Expedition 309 results
Wireline operations during Expedition 309 provided high-quality
data on the in situ physical properties of the upper part
of the oceanic crust combined up to a depth of ~1220 mbsf
(Figure 4a, 4b, 4c,
and
4d)
Caliper readings derived from triple combo and FMS-sonic
tool strings show generally good borehole conditions. The
average hole diameter measurements from the FMS/sonic calipers
are 11.25 inches for C1 and 10.90 inches for C2; this slight
difference is the result of an elliptical borehole between
807 and 966 mbsf. Wide sections (>13 inches) are particularly
common in this interval, as well as between 1048 and 1060
mbsf. Comparison of the caliper data from the pre- and post
drilling operations of the upper 500 m shows that the borehole
is being progressively enlarged with continued drilling.

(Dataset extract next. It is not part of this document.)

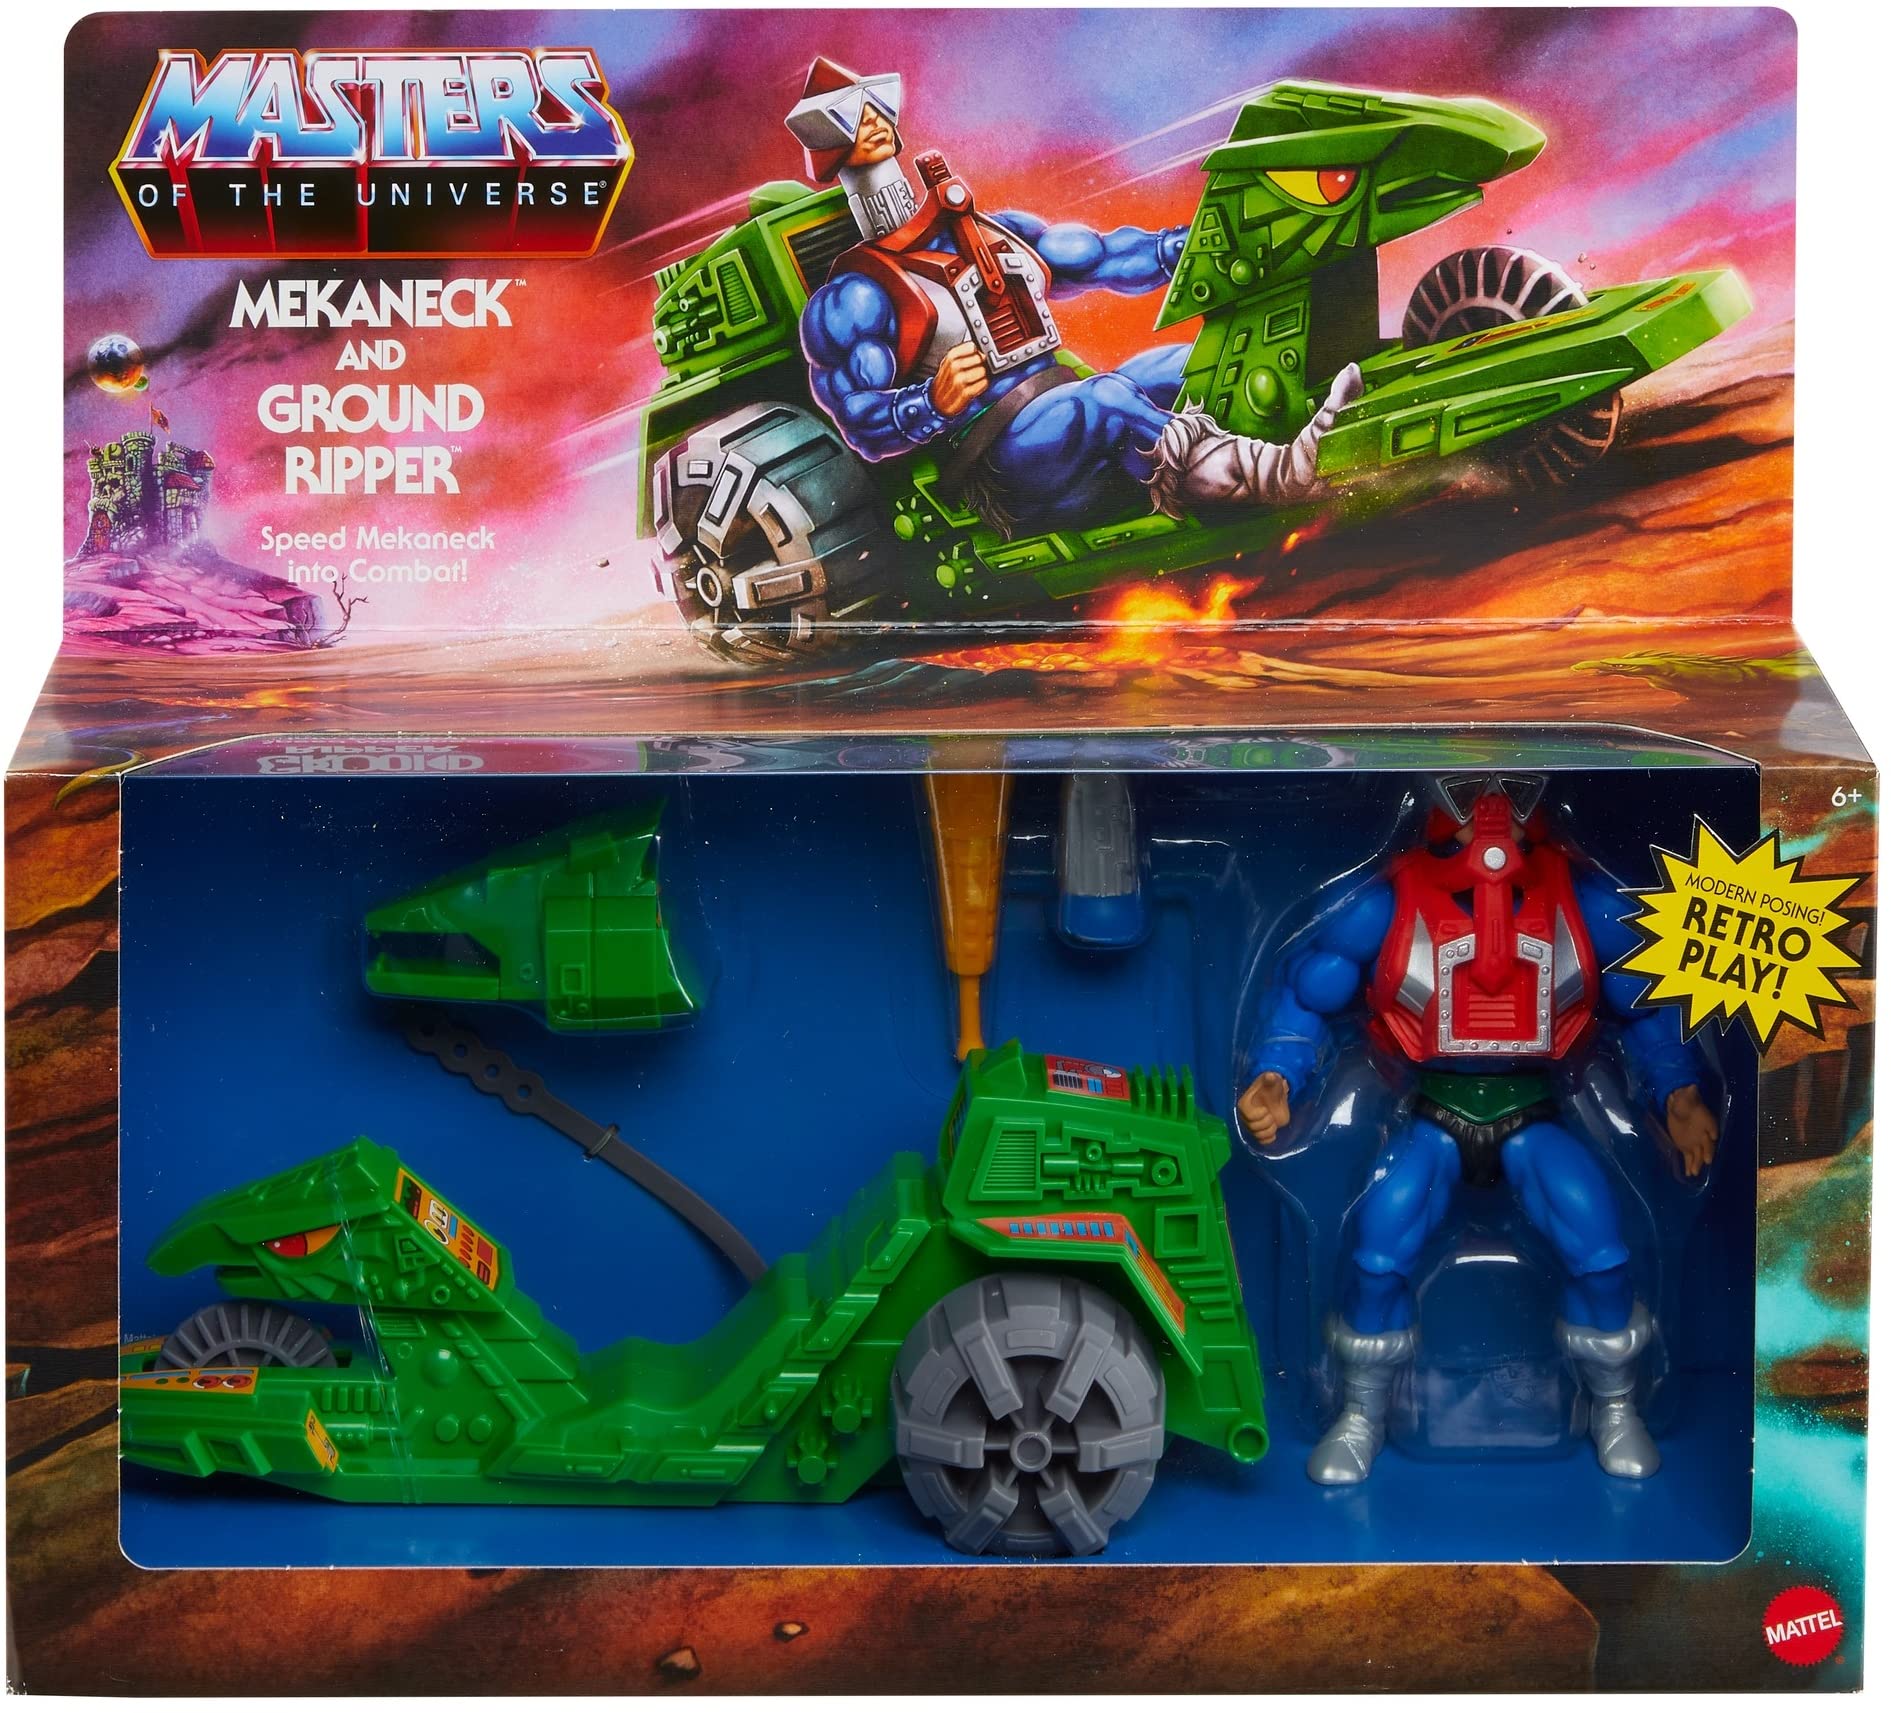 Masters of the Universe Origins Action Figure & Vehicle, Ground Ripper & Mekaneck, 80S Inspired MOTU Toy with Accessories

The excellent hole conditions over the rest of the interval
resulted in good measurements by these contact tools, particularly
for the lowermost 300 m. Triple combo data is of high data
quality and there is an excellent overlap with the previous
logging runs. The FMS and UBI provided high quality data
(Figure 5a, 5b, and 5c. Note: Only FMS images are shown).
However, because the UBI was deployed very slowly (120 m/hr),
incomplete heave compensation and sticking of the tool influence
the data quality. Whereas the FMS images can be corrected
with confidence, the UBI images still show artifacts of sticking.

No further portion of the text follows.